** Excerpted records **
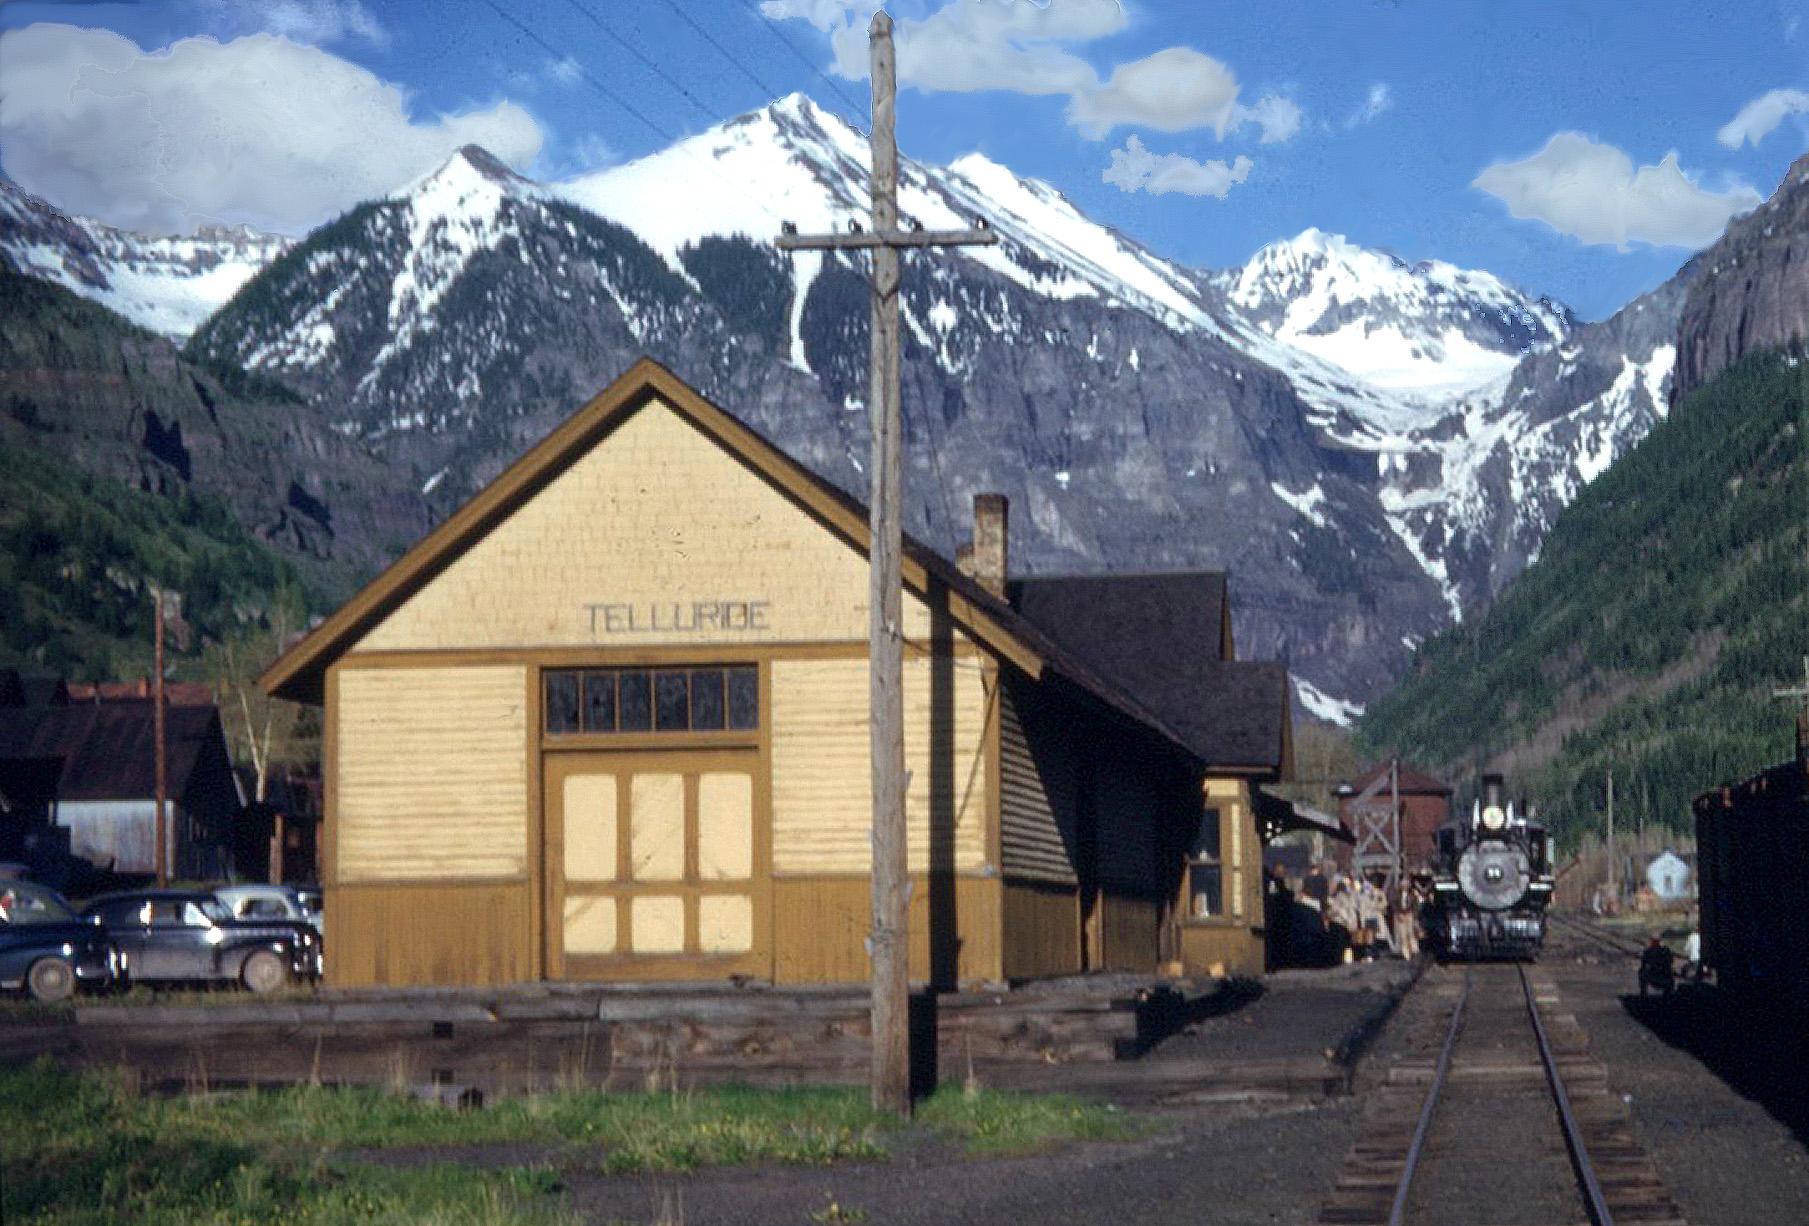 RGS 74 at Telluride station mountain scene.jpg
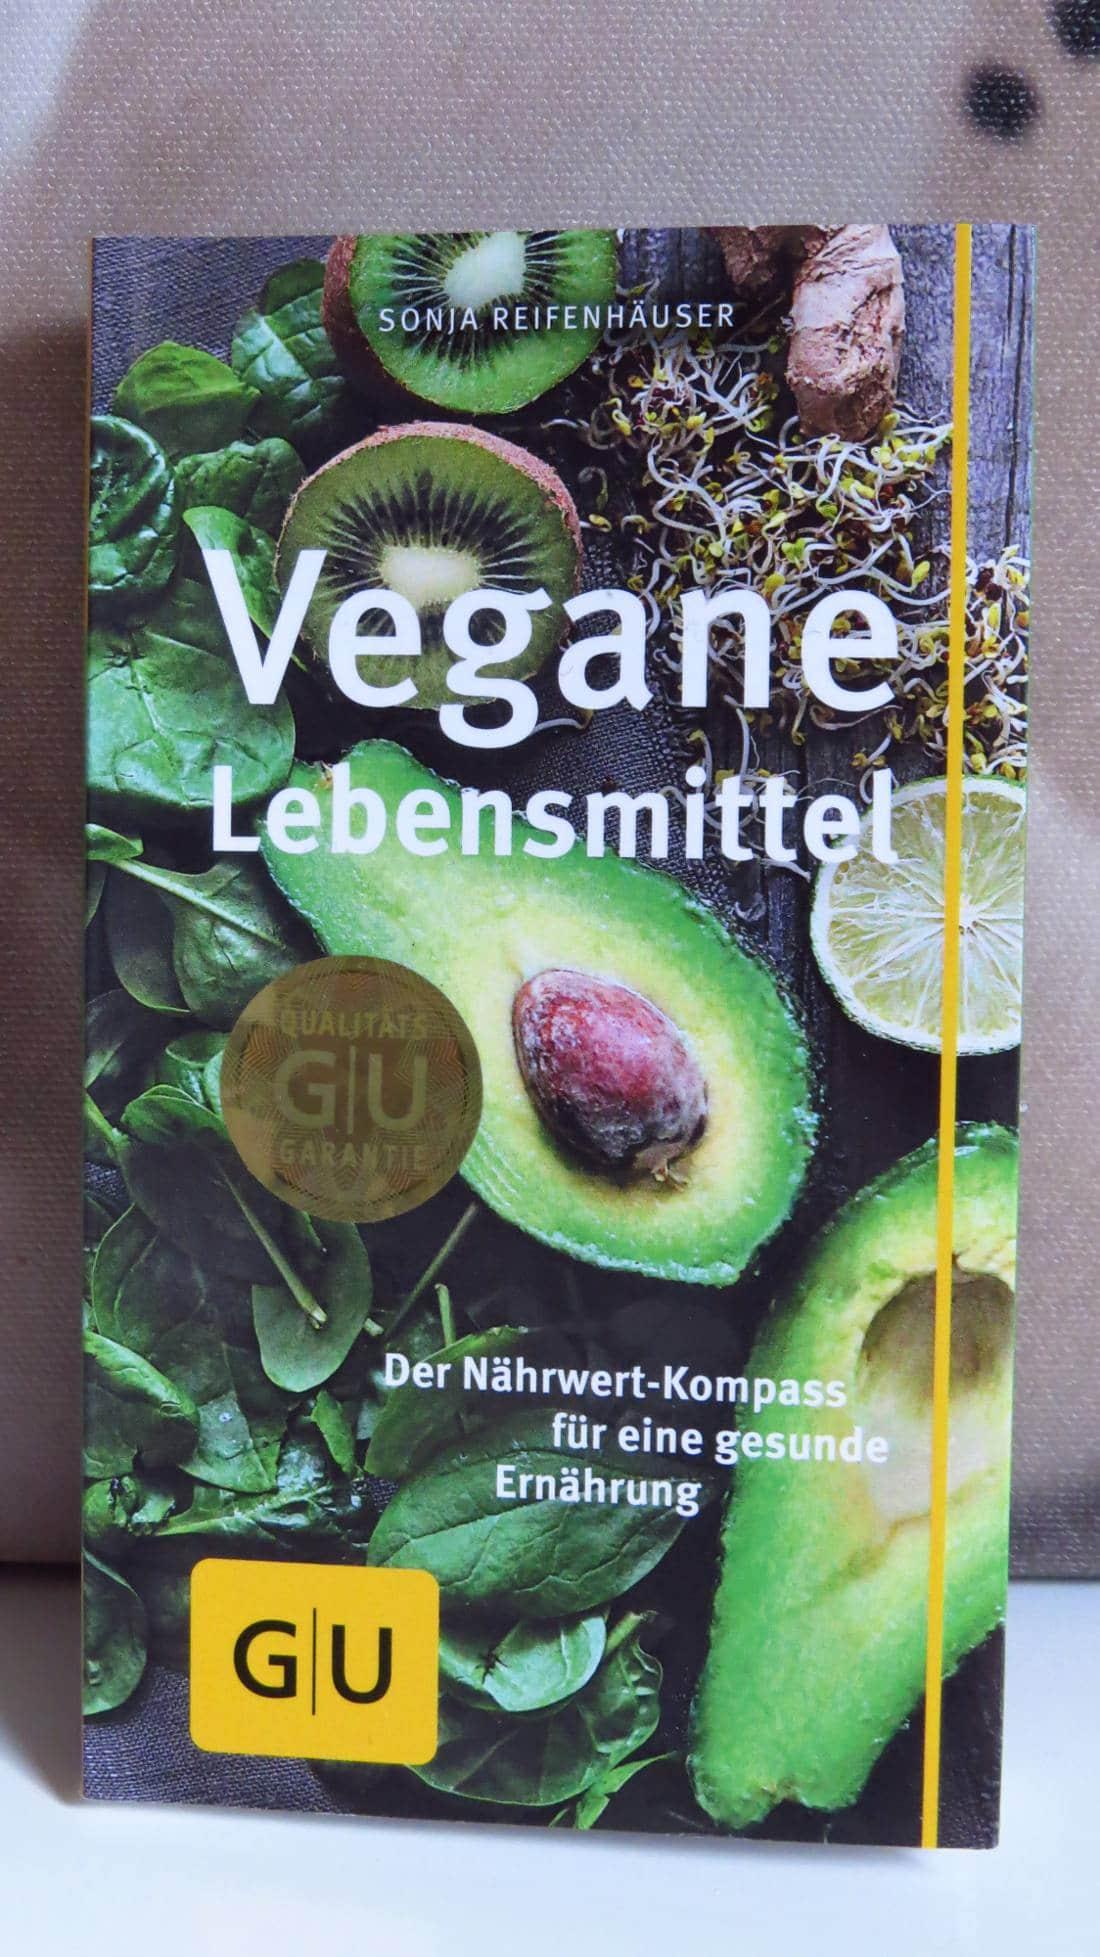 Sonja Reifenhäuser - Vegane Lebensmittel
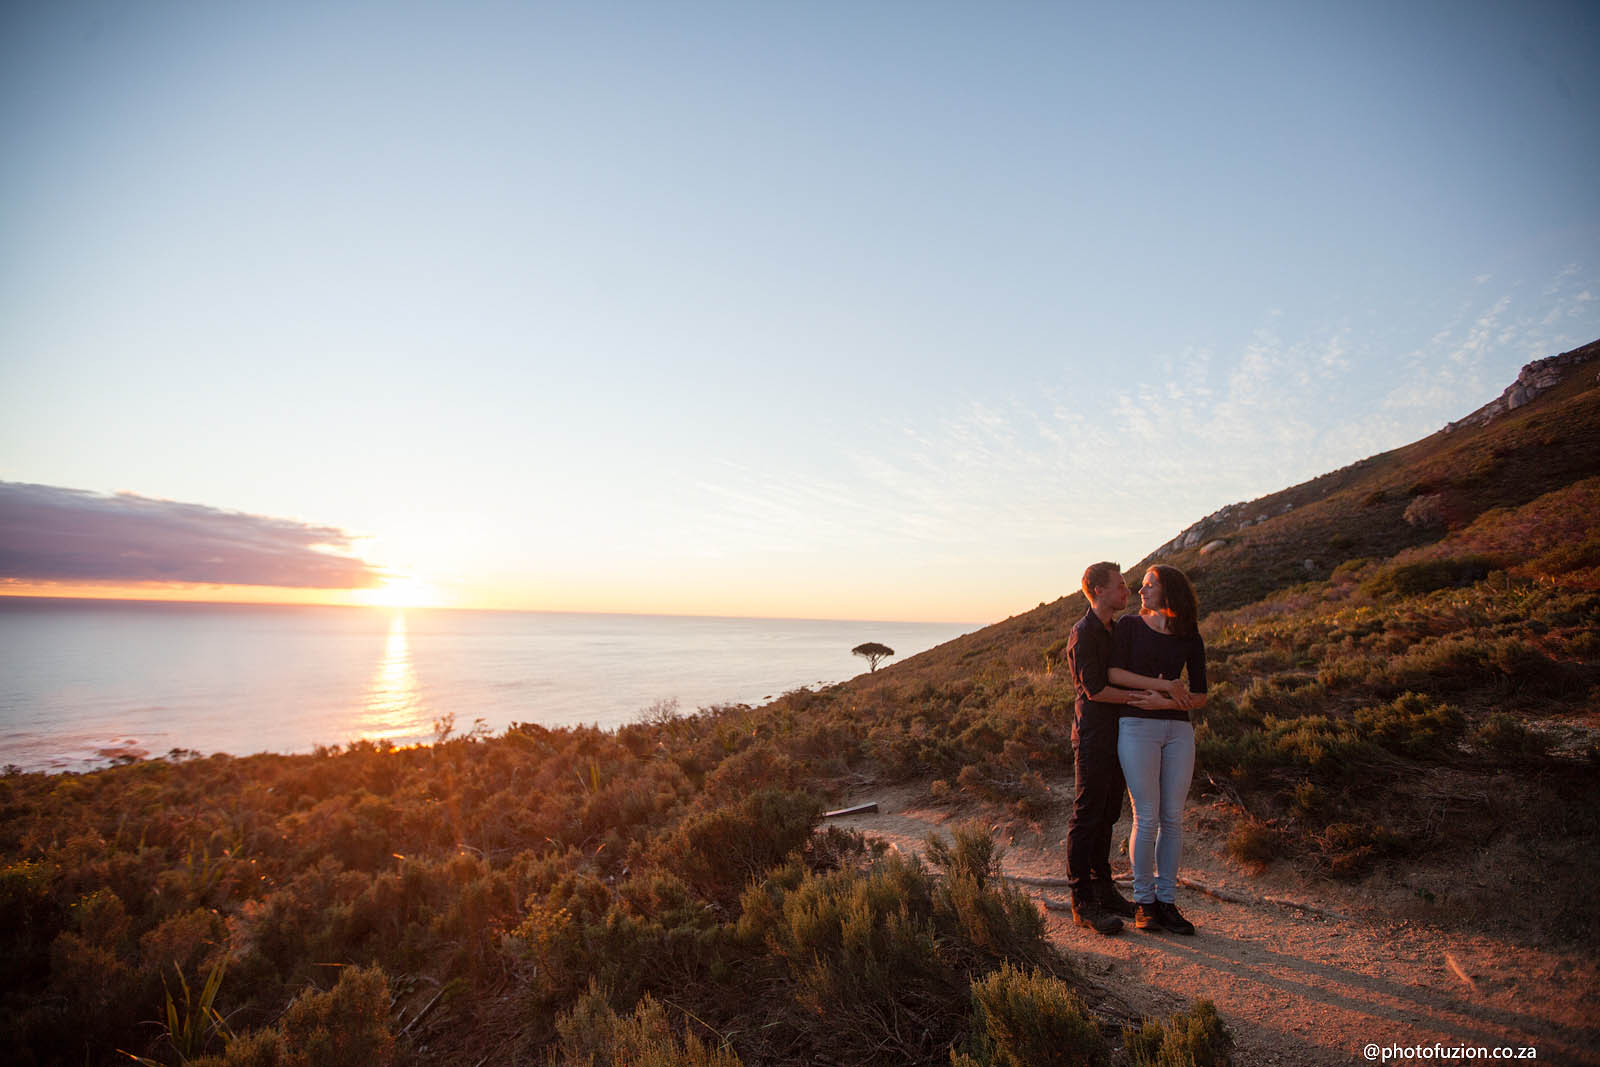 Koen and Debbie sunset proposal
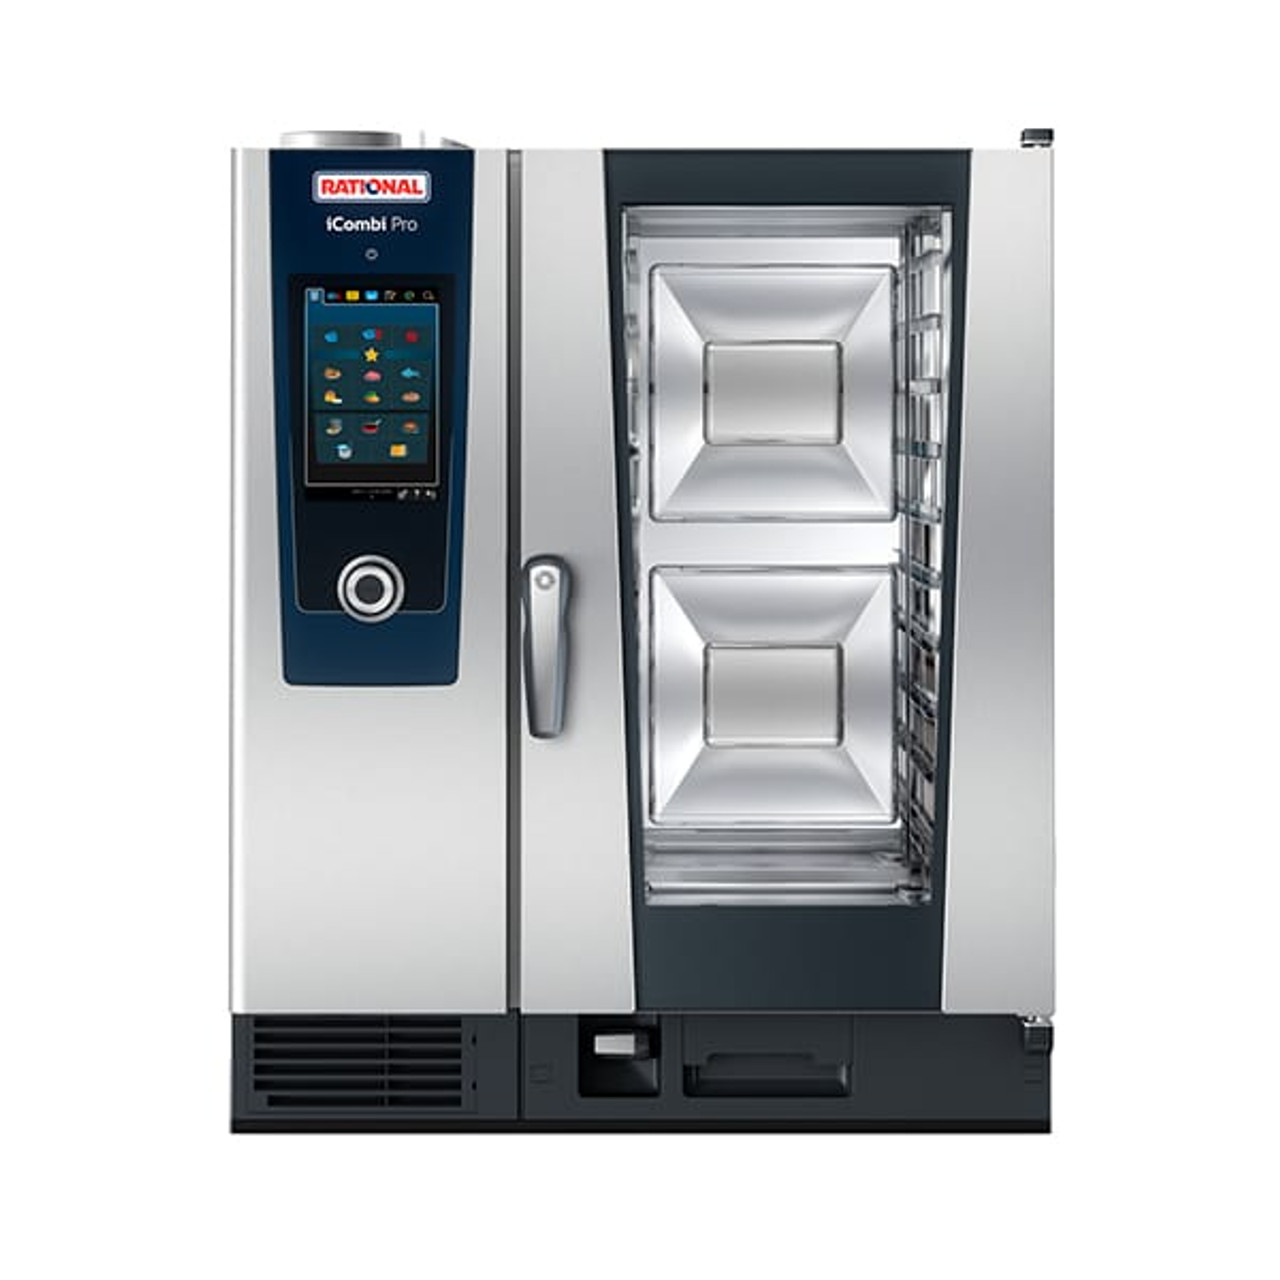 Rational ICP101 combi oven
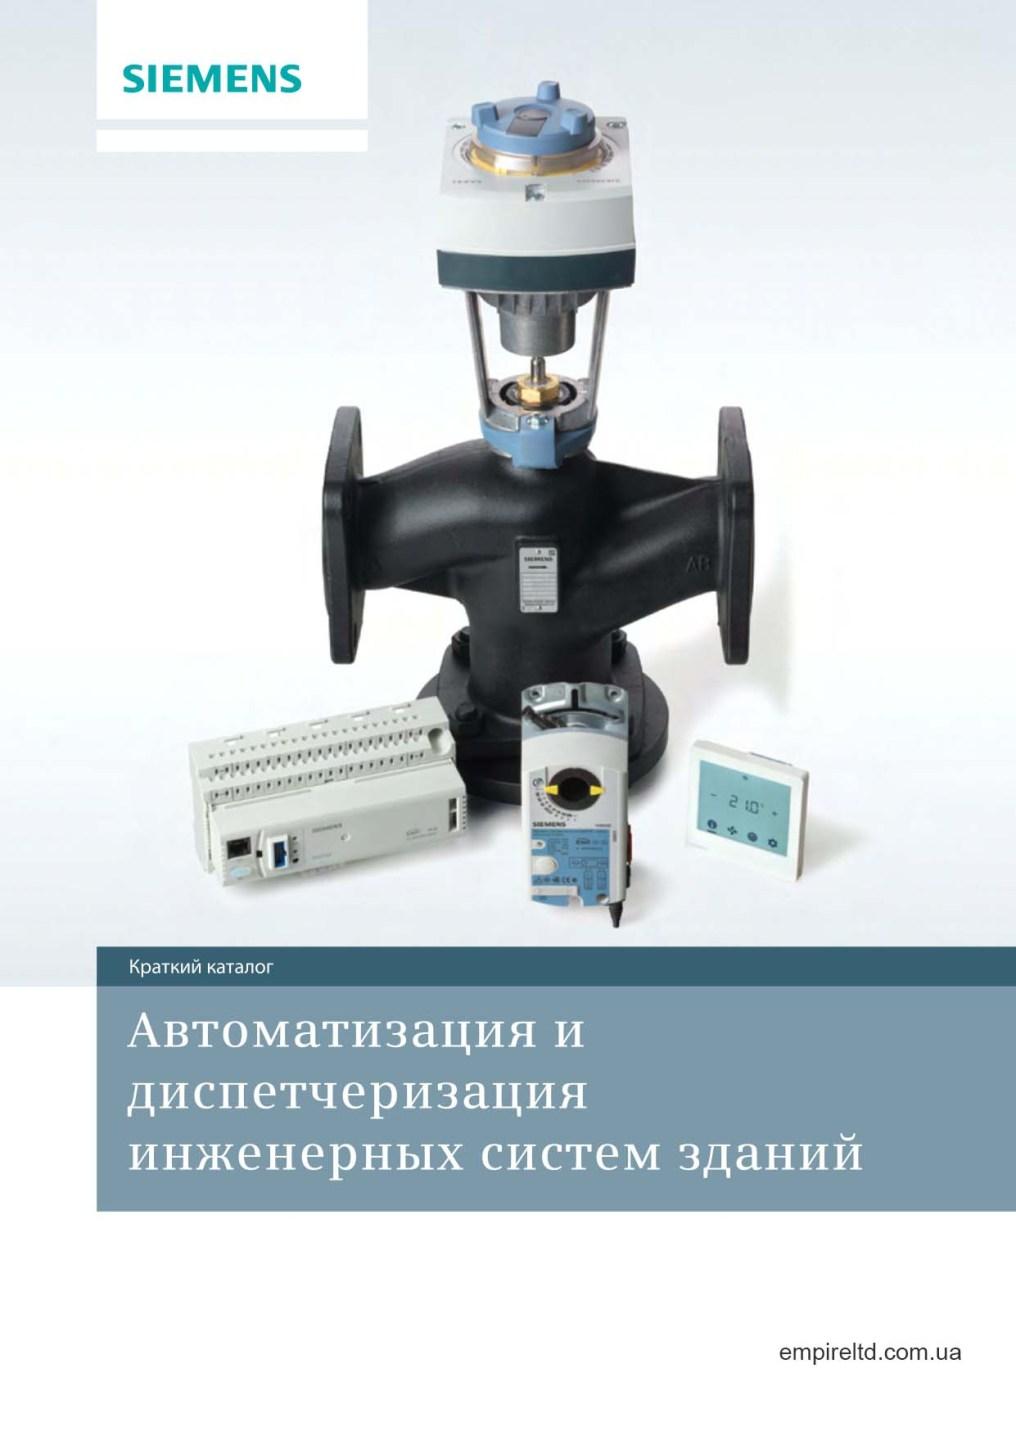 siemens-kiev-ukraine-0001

** Aim of the task **
Where the line containing "Koen and Debbie sunset proposal" appears in the entries above, start there and set down every line exactly through the last one, inclusive; omit pictures.

** Answer for this exercise **
 Koen and Debbie sunset proposal
 Rational ICP101 combi oven
 siemens-kiev-ukraine-0001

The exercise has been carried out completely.